Available records:
++++++++++

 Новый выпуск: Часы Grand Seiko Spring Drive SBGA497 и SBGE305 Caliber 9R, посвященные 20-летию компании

++++++++++

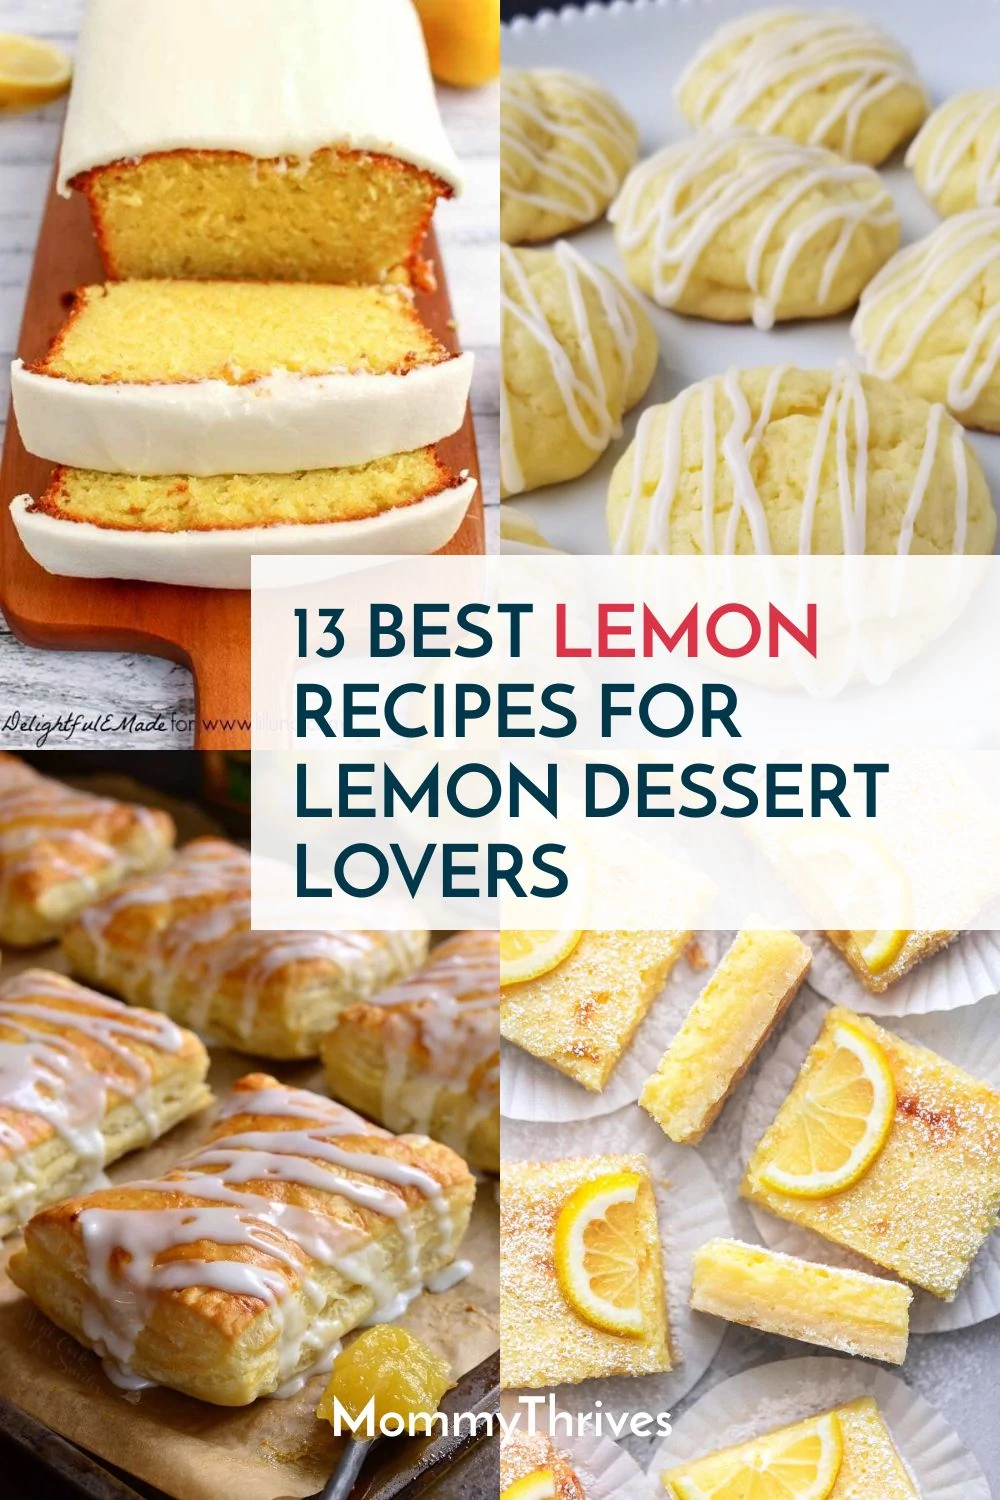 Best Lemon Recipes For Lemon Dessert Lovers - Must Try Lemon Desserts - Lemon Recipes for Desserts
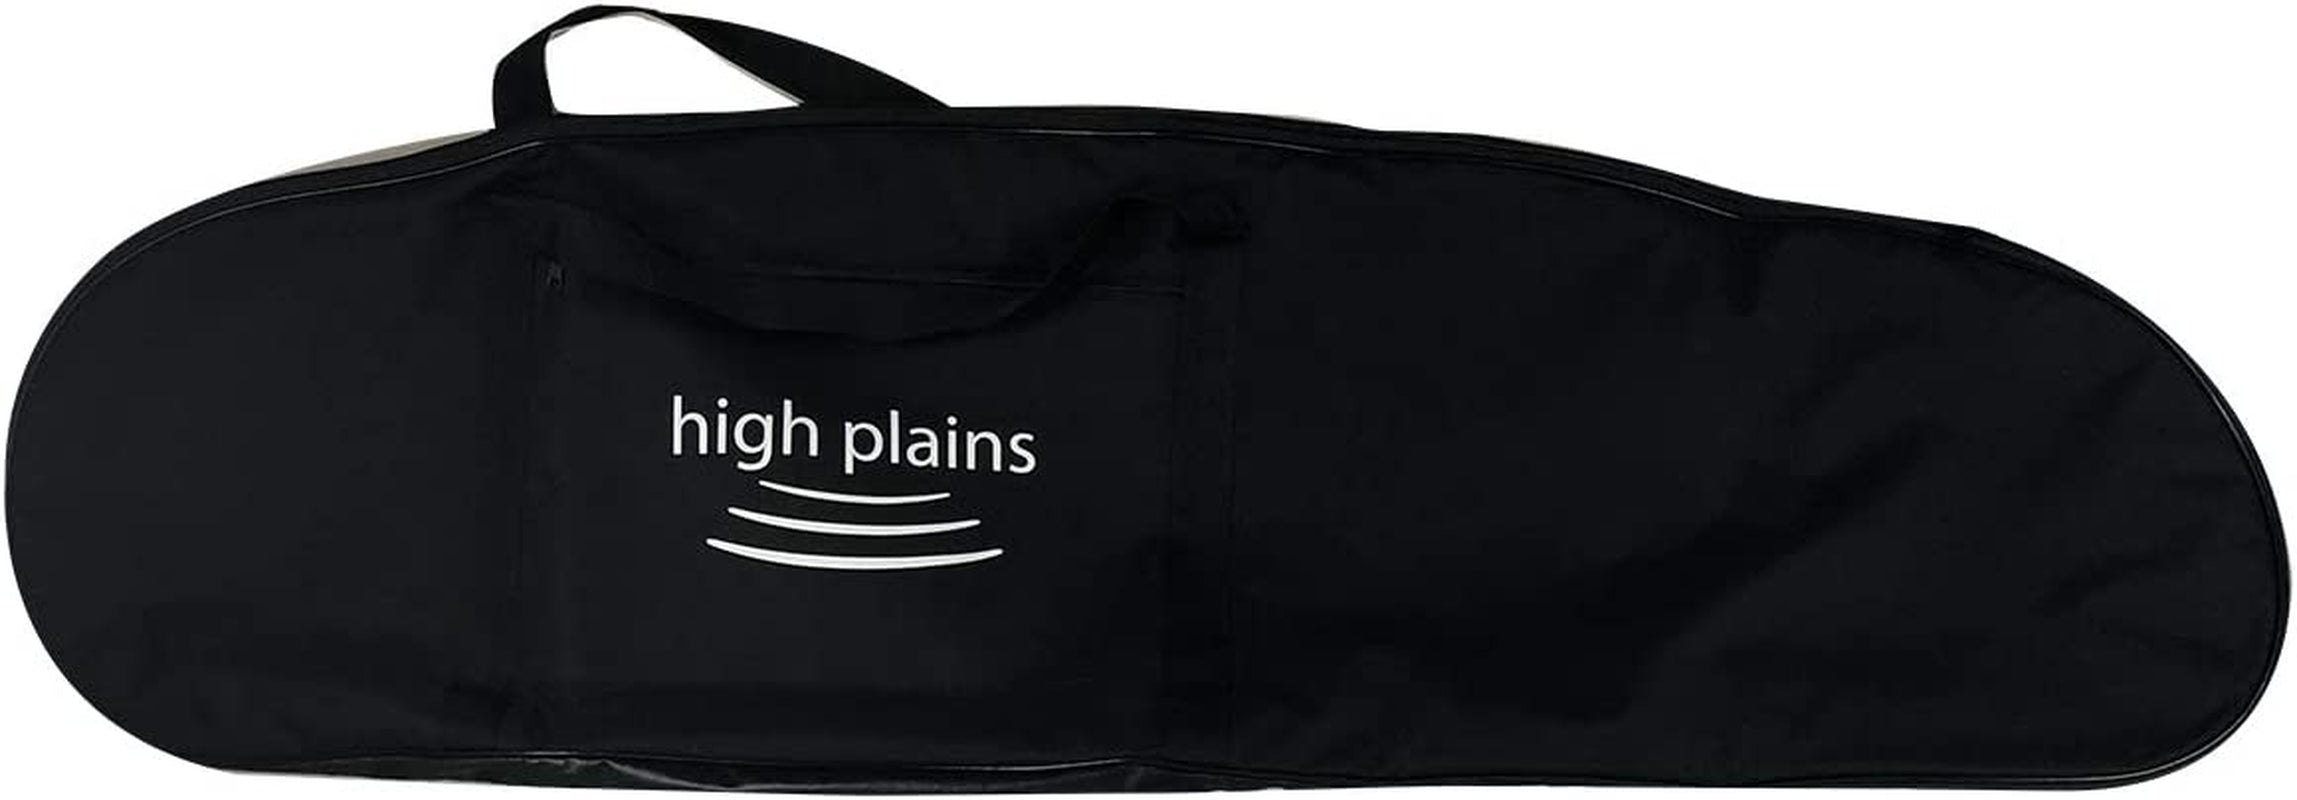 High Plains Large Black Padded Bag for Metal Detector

++++++++++

Starting at the line containing "Best Lemon Recipes" and stopping at the line containing "High Plains Large", output each line exactly as it appears above. Leave out the pictures.

 Best Lemon Recipes For Lemon Dessert Lovers - Must Try Lemon Desserts - Lemon Recipes for Desserts
 High Plains Large Black Padded Bag for Metal Detector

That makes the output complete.